- Founded: 2007
- Location: Warsaw, Poland
- Principal conductor: Piotr Baron
- Website: sinfoniaiuventus.pl

= Polish Sinfonia Iuventus Orchestra =

National youth orchestra of Poland

The Jerzy Semkow Polish Sinfonia Iuventus Orchestra (Polska Orkiestra Sinfonia Iuventus im. Jerzego Semkowa) is the national youth orchestra of Poland. It was established in 2007 on the initiative of Jerzy Semkow by the Ministry of Culture and National Heritage. It is composed of young musicians under 30 years of age.

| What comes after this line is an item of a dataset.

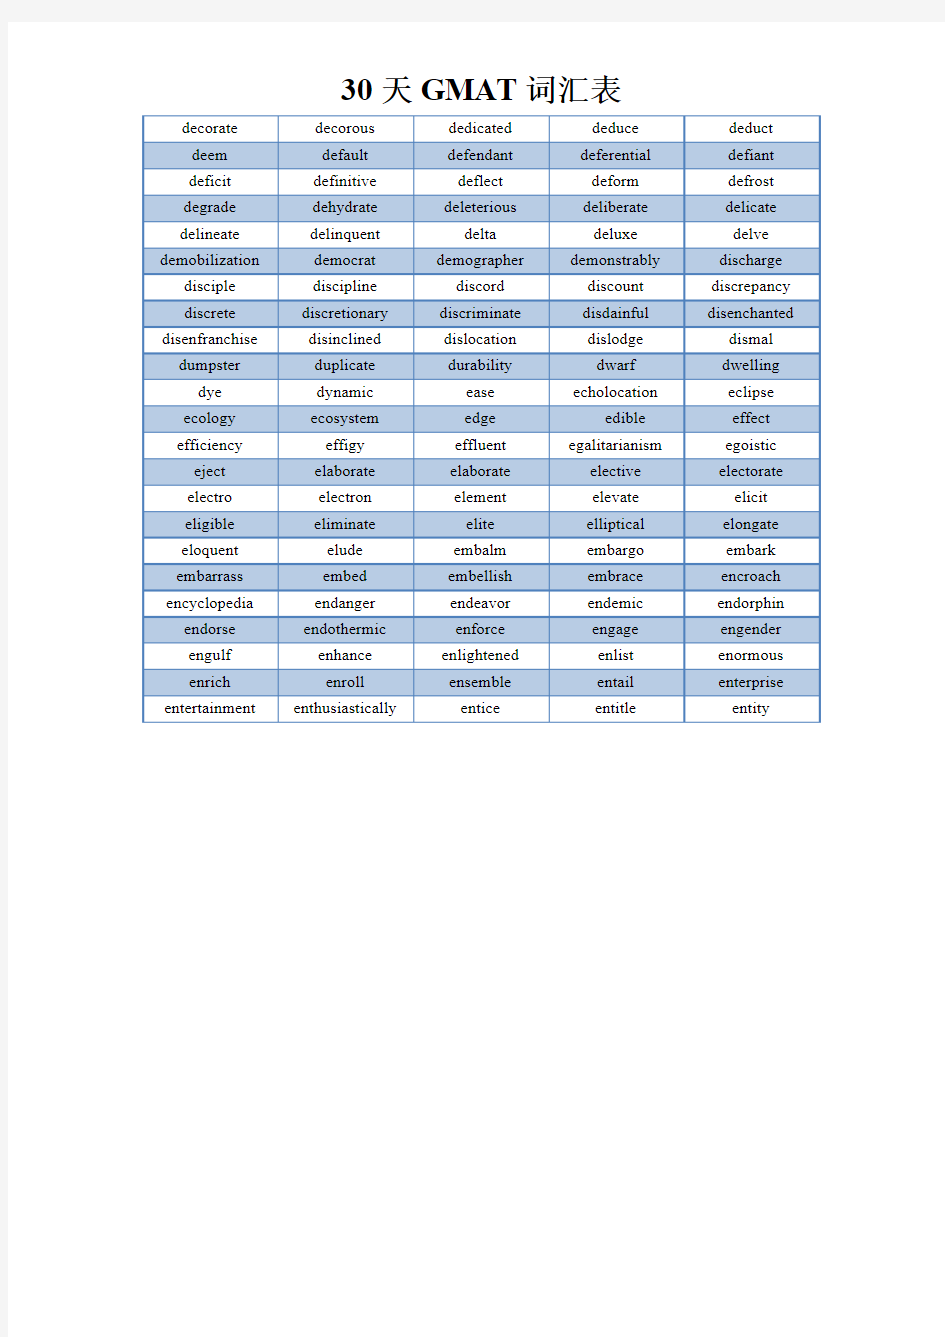 GMAT词汇检测表(List 1)

It has worked with conductors including Jerzy Semkow, Kazimierz Kord, Jan Krenz, Krzysztof Penderecki, Antoni Wit, John Axelrod, Charles Dutoit, Agnieszka Duczmal, Juozas Domarkas, Grzegorz Nowak, Jerzy Maksymiuk, Michail Jurowski, Andrey Boreyko, Gerd Schaller, Eugene Tzigane, and soloists including Konstanty Andrzej Kulka, Piotr Paleczny, Ivan Monighetti, Zakhar Bron, Aleksandra Kurzak, Roberto Alagna, Janusz Olejniczak, Jonathan Plowright, Abdel Rahman El Bacha, Eugen Indjic, Krzysztof Jabłoński, Jadwiga Rappé, Vadim Repin, Jan Stanienda, Alena Baeva, Leszek Możdżer, Yulianna Avdeeva, Agata Szymczewska and Łukasz Kuropaczewski.

The orchestra is a member of the European Federation of National Youth Orchestras.